Les amoureux du ballon rond congolais estiment qu’Omari ne mérite plus ce poste au regard de son comportement affiché vendredi 5 avril dans la salle de réunion de cette structure sportive lors d’un tête-à-tête avec la délégation d’U20, après la participation de cette structure à la CAN de la spécialité en Algérie. En direct à la télévision, Constant Omari assisté de ses deux vice-présidents, Bobo Bondembe et José Dayoni, n’avait pas hésité de proférer des menaces d’abord contre le coach principal, Baudouin Lofombo, puis contre les joueurs qui avaient représenté le pays à cette compétition. Omari a juré de ne plus voir ces jeunes-gens au sein des Léopards pour avoir réclamé leurs droits. Très furieux, il a déclaré : bokobeta lisusu na équipe nationale te (traduisez : vous n’allez plus porter le maillot de l’équipe nationale). Il avait poursuivi : ‘‘bino boyebi biso, est-ce que USD 60 000 ekokani na prix ya chaussures na nga’’ (traduisez : vous nous connaissez, est-ce que USD 60 000 peut m’offrir une paire des chaussures que j’ai l’habitude de porter). ‘‘Vous n’allez pas participer au tournoi de Toulon prévu au mois de septembre en France’’, a menacé Omari. Malgré le mea culpa de la bande à Yannick Bangala, Omari est resté de marbre. ‘‘C’est difficile de salir quelqu’un, mais réparer n’est pas facile. Il va falloir passer dans des médias dans lesquels vous nous avez salis pour présenter des excuses’’, a-t-il exigé.

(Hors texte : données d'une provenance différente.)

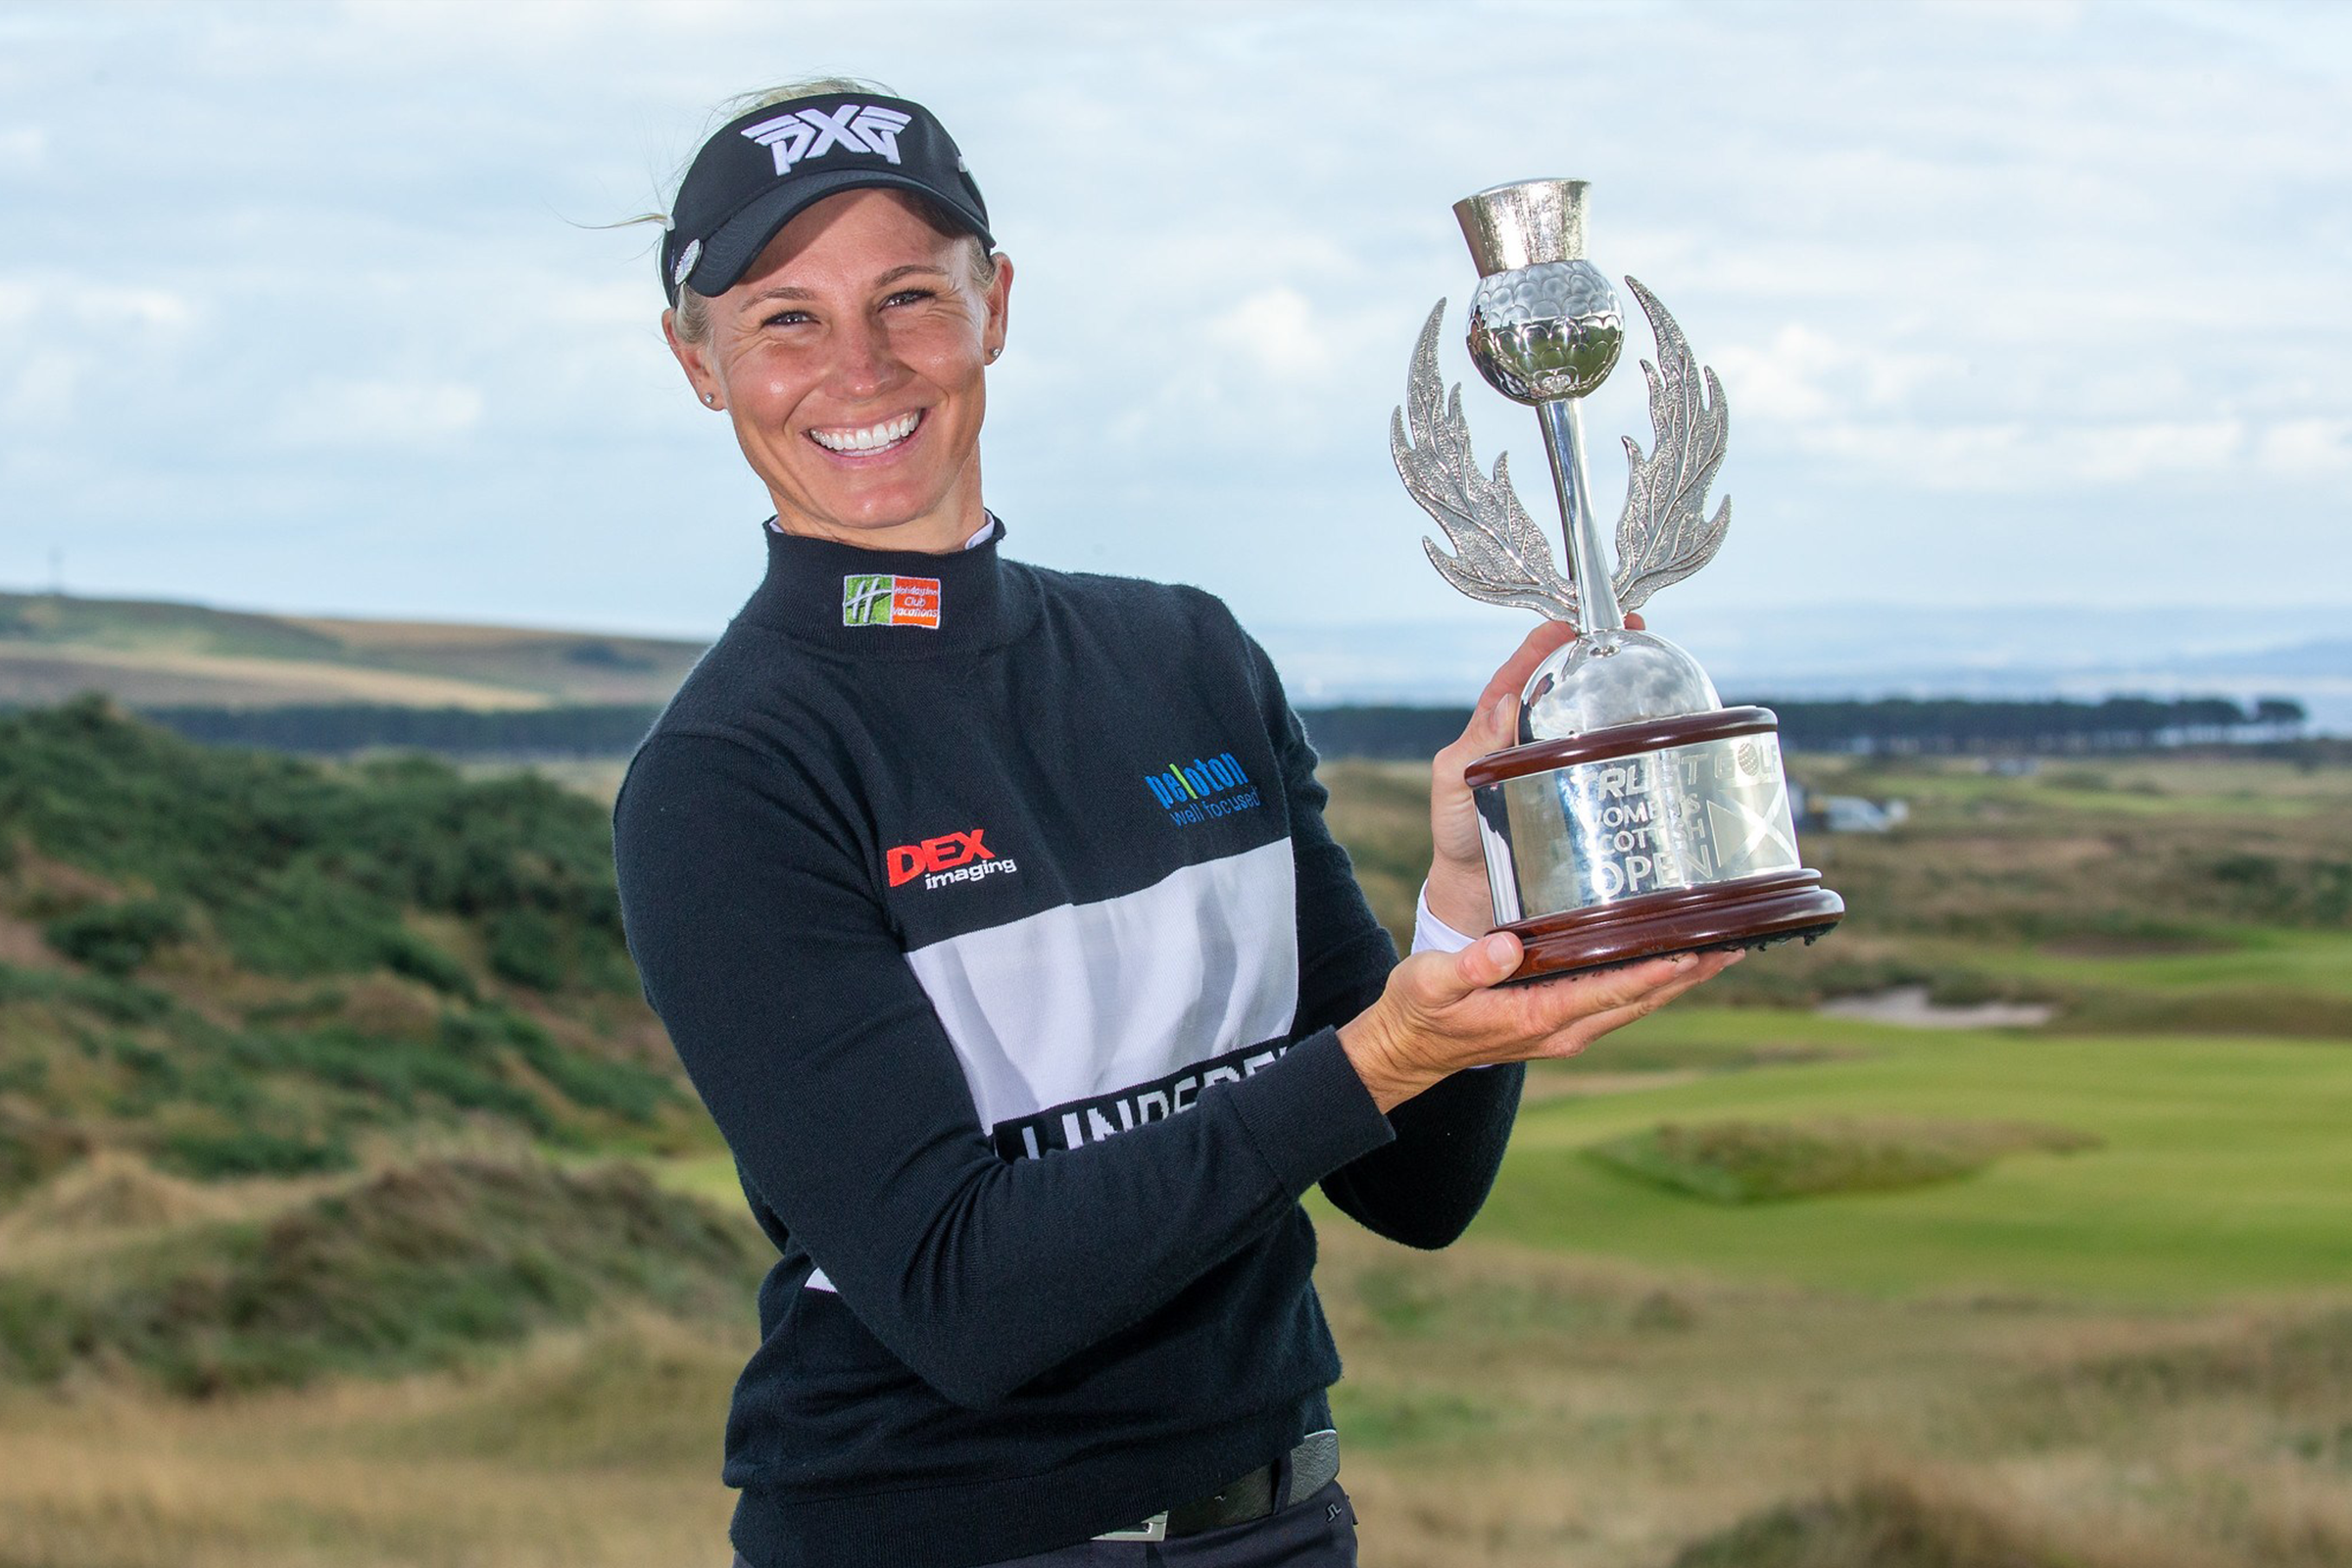 O'TOOLE KEEPS HER COOL TO CLAIM TRUST GOLF WOMEN'S SCOTTISH OPEN VICTORY

Désorganisation du championnat national

Sous Omari, soit pendant 2 mandats et demi, Constant Omari se targue du succès de la RDC en terre ivoirienne, dans le cadre de la première édition du CHAN (Championnat d’Afrique des Nations), les deux sacres de TP Mazembe en Ligue des champions de la CAF et Super coupe d’Afrique et la brillante participation des Corbeaux en Coupe du monde des clubs à Abou Dhabi. Or, ce n’était que les efforts d’une seule personne qui a su appliquer une bonne politique sportive. ‘‘Le sacre des Léopards à la première édition du CHAN n’était pas le fruit des efforts de ‘‘l’homme moderne’’.  C’était la conscience du groupe après une négligence notoire des décideurs ’’, a rectifié un amoureux du ballon rond.  Le comité Omari a échoué lamentablement en deux mandats, mais désire une fois de plus prendre les rennes de l’organe technique. Il suffit de considérer la désorganisation du championnat d’élite pour comprendre pourquoi les équipes ne parviennent pas à défendre les couleurs nationales à la campagne africaine. Sauf, les Corbeaux lushois qui sortent un peu du lot, encore que cela ne dépend en rien de Constant Omari.

 

Un complot contre le foot congolais

 

Vingt-trois candidatures ont été déposées parmi lesquelles, ni celle de Shabani Nonda, ni celle d’Eugène Kabongo. Que des menus fretins, corruptibles et maniables à souhait. Le challenger attitré n’est autre que Mwamba Mukundi, journaliste sportif à la Radio télévision kimbanguiste (Ratelki) dont on dit que la candidature pourra même être rejetée par la commission électorale de la FECOFA, ne remplissant pas toutes les conditions d’éligibilité. Cette commission présidée par Ndubudi Kiadi aurait commencé l’examen des candidatures ce lundi 6 mai.

 

Avec un bilan catastrophique, surtout en cette saison où les principaux clubs congolais (DCMP, Lupopo, AS V Club et Mazembe) ont été débarqués  des compétitions africaines, voici Omari qui tient à briguer une présidence pour sa propre succession. Il reste peut-être aux dirigeants des ligues qui ont le monopole d’élire les dirigeants et aux clubs de trouver une solution à cette infamie : à agir en toute responsabilité ou boycotter les championnats jusqu’à ce qu’interviennent les instances dirigeantes du sport continental et planétaire, driblées elles aussi par Omari,  car l’avenir du football en dépend. Dossier à suivre.

La liste de candidats :

Président :

1. Constant Omari Selemani

2. Mwamba Mukundi

 

1er Vice-président

Donatien Tshimanga Mwamba

2ème Vice-président

1. Jean-Didier Masamba Malunga

2. Jean-Marie Tambwe

 

3ème Vice-Président

Gaston Kasongo Makamba Kant

 

4ème Vice-Président

Bondembe Bokanianga Bobo

 

5ème Vice-Président

José Dayoni Wawa

6ème Vice-Président

1. Théobald Binamungu

2. Boloki Bin Mubial

3. Anaclet Kuzituka

Membres:

Samuel Sita N’Landu, Maurice Munda Kapambwe, Dismas Bisimwa Nishamba, Charles Mputu Mulopo, Nongha Ossango, André Mwelwa, Abdon Mayombo, Munzimba Enzu, Boto Lueto Liena, Mwarabu Muzaliwa, Tschomba Fariala, Inyangi Bokinda.